6. Comparative Advantages and Relationship to Prior Work

SplaTAM advances dense SLAM through:

  • Continuous, closed-form differentiable mapping: Allows direct analytic computation of pose and map parameter updates, in contrast to sampled point-based methods or implicit MLP fields.
  • Efficient alpha-composited splatting: Enables real-time rendering and optimization at full image resolution.
  • Adaptive, event-driven map allocation: New Gaussians are instantiated only for previously unmapped or newly observed regions, extending mapping coverage dynamically without superfluous resource use.

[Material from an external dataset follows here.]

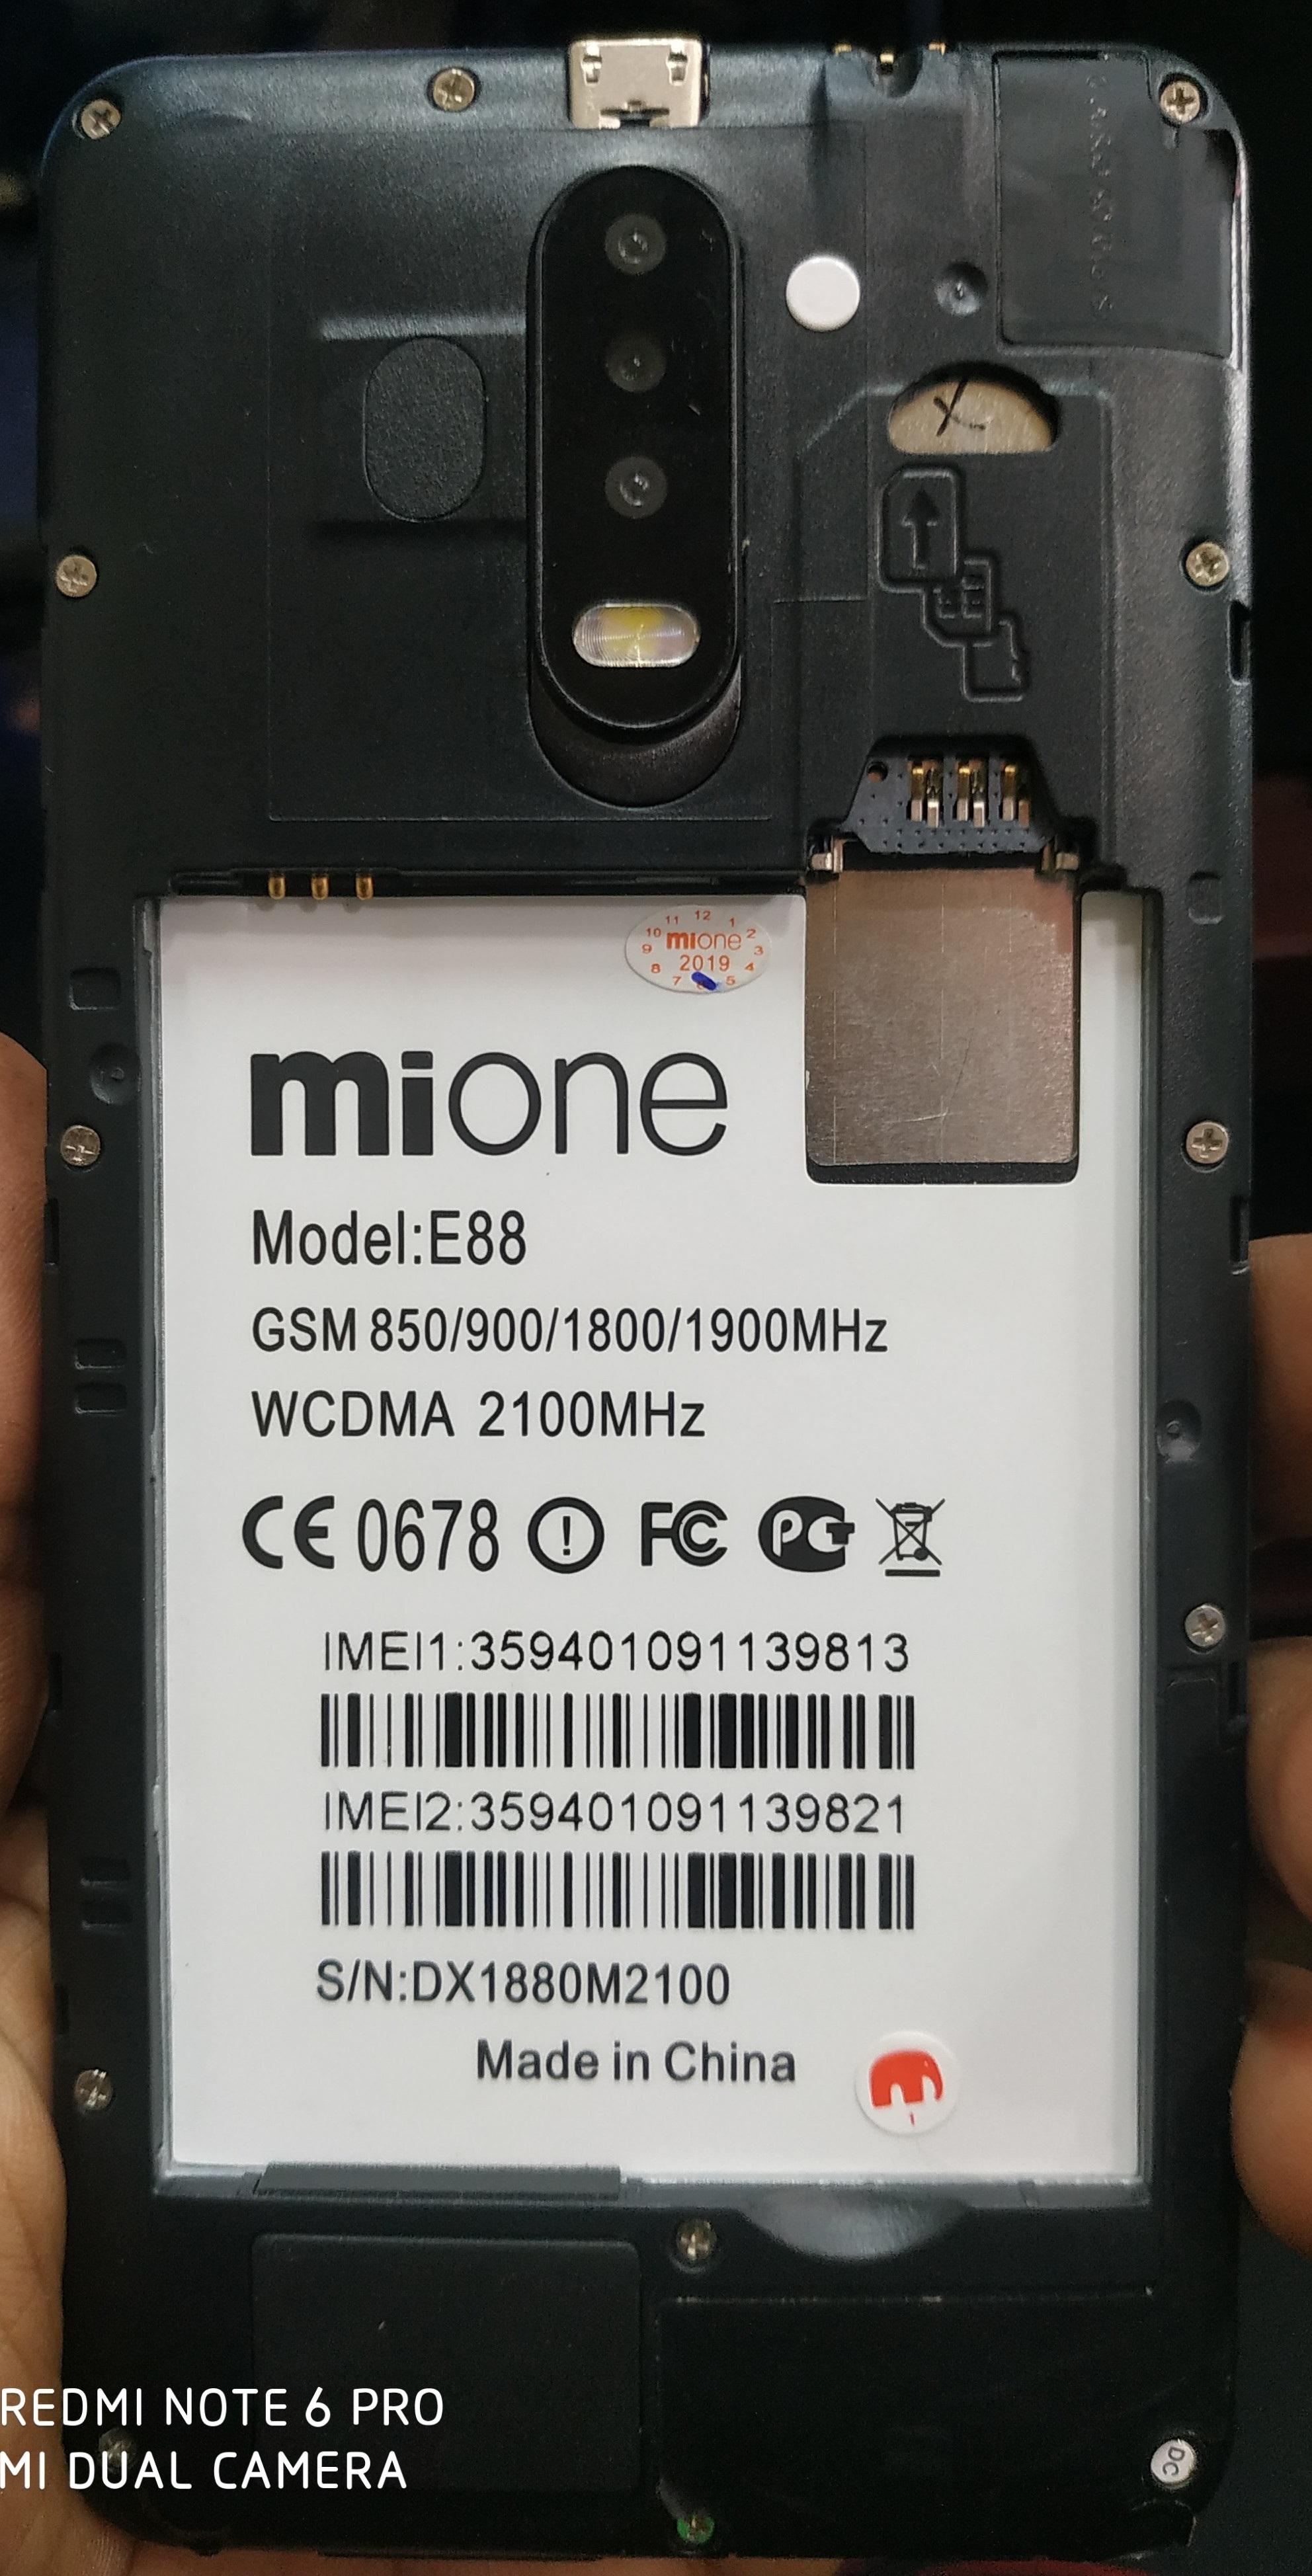 Mione E88 Firmware
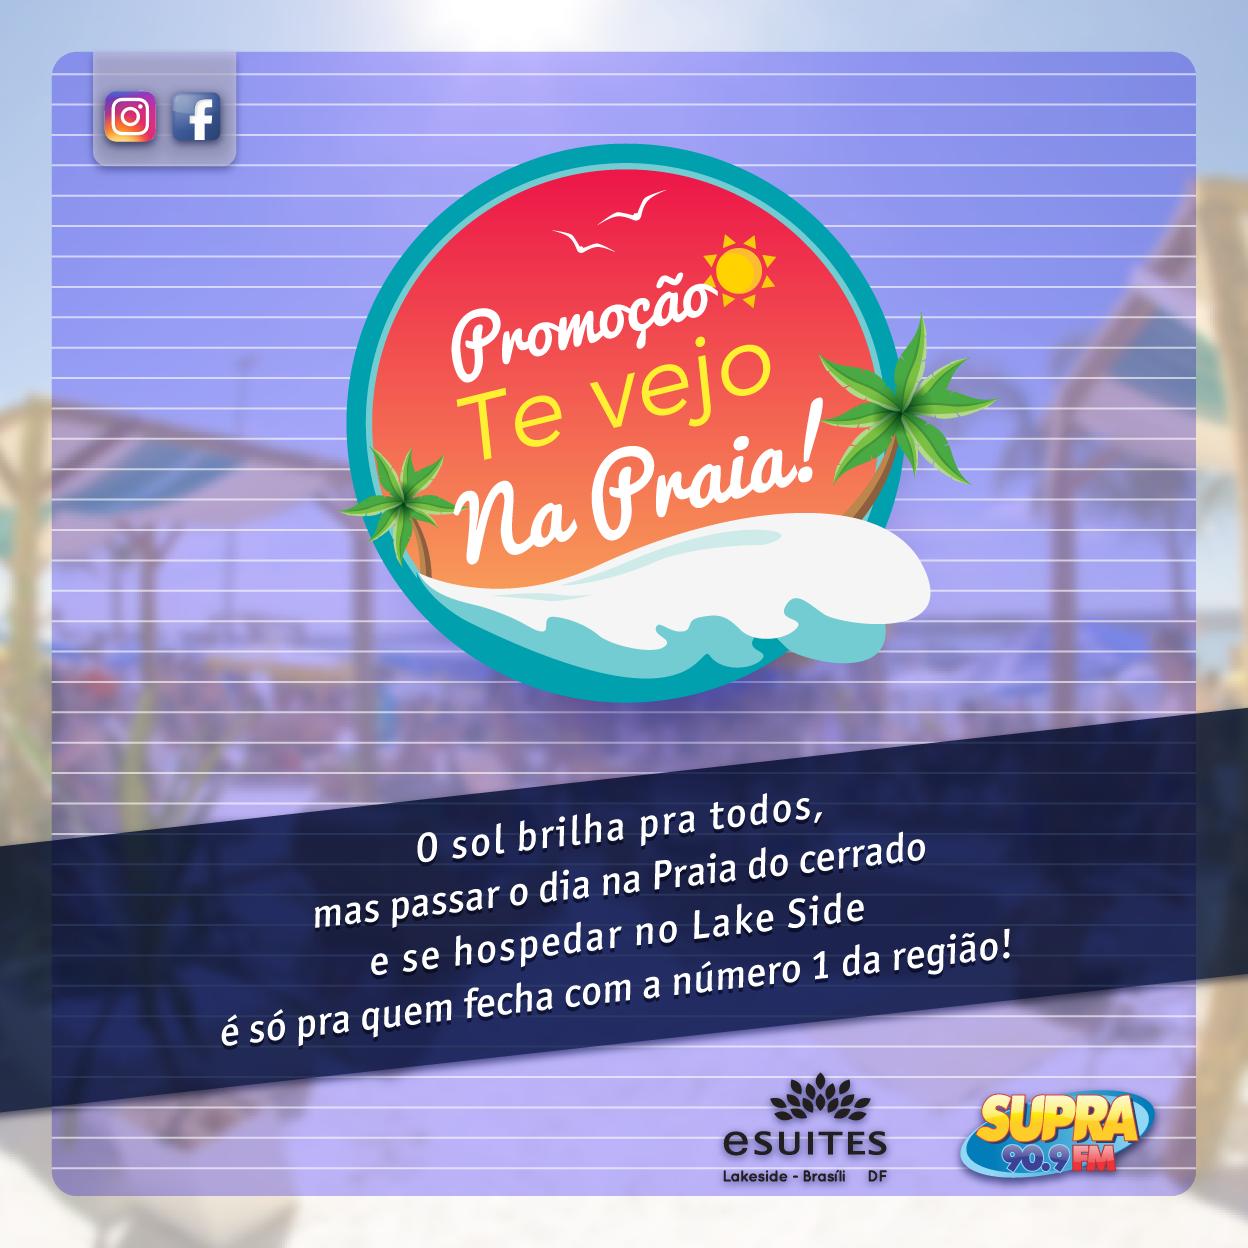 Promoção Supra FM - Na Praia

Compared to 2D Gaussian surfel approaches (e.g., S3S^3LAM (Fan et al., 28 Jul 2025)), which focus on explicit surface orientation and radial Jacobians, SplaTAM's explicit volumetric density supports robust tracking but may lack certain geometrically accurate rotational cues provided by surfel normals. SplaTAM exceeds point-based and NeRF-based SLAM systems in both compactness and photometric/geometric accuracy under standard benchmarks.

This suggests that explicit, volumetric, differentiable 3D Gaussian representation—coupled with online analytic pose and map updates—constitutes a state-of-the-art foundation for dense, real-time RGB-D SLAM from a single camera.